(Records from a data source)
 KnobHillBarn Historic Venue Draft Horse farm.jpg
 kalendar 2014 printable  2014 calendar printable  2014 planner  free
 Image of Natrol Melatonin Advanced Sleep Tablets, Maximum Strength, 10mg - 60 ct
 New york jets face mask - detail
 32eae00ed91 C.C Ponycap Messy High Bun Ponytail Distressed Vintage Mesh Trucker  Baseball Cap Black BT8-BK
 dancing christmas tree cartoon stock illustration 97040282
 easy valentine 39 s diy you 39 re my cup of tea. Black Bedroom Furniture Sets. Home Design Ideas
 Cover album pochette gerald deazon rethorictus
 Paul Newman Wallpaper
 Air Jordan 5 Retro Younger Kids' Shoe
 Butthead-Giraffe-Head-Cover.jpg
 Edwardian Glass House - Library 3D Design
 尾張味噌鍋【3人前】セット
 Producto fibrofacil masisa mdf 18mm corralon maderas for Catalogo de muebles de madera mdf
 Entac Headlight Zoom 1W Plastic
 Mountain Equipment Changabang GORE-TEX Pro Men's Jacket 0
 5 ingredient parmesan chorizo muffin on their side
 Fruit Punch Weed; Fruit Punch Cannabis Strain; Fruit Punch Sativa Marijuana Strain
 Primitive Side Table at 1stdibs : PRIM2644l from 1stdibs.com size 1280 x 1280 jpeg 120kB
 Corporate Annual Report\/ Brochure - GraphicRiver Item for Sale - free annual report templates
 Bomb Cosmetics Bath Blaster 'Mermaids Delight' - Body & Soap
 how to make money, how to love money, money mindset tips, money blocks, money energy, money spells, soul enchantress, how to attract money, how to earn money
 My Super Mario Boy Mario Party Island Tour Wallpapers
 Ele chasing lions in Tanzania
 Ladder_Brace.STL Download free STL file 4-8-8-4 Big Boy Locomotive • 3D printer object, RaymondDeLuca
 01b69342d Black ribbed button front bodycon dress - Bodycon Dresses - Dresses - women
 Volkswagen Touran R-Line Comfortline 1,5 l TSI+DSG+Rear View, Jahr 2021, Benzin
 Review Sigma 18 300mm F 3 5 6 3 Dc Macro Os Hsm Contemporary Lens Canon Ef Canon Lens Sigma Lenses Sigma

## Task brief
Going from the line that has "how to make" through the last line of the entries, retype each line exactly as given and add nothing.

## Problem solution
 how to make money, how to love money, money mindset tips, money blocks, money energy, money spells, soul enchantress, how to attract money, how to earn money
 My Super Mario Boy Mario Party Island Tour Wallpapers
 Ele chasing lions in Tanzania
 Ladder_Brace.STL Download free STL file 4-8-8-4 Big Boy Locomotive • 3D printer object, RaymondDeLuca
 01b69342d Black ribbed button front bodycon dress - Bodycon Dresses - Dresses - women
 Volkswagen Touran R-Line Comfortline 1,5 l TSI+DSG+Rear View, Jahr 2021, Benzin
 Review Sigma 18 300mm F 3 5 6 3 Dc Macro Os Hsm Contemporary Lens Canon Ef Canon Lens Sigma Lenses Sigma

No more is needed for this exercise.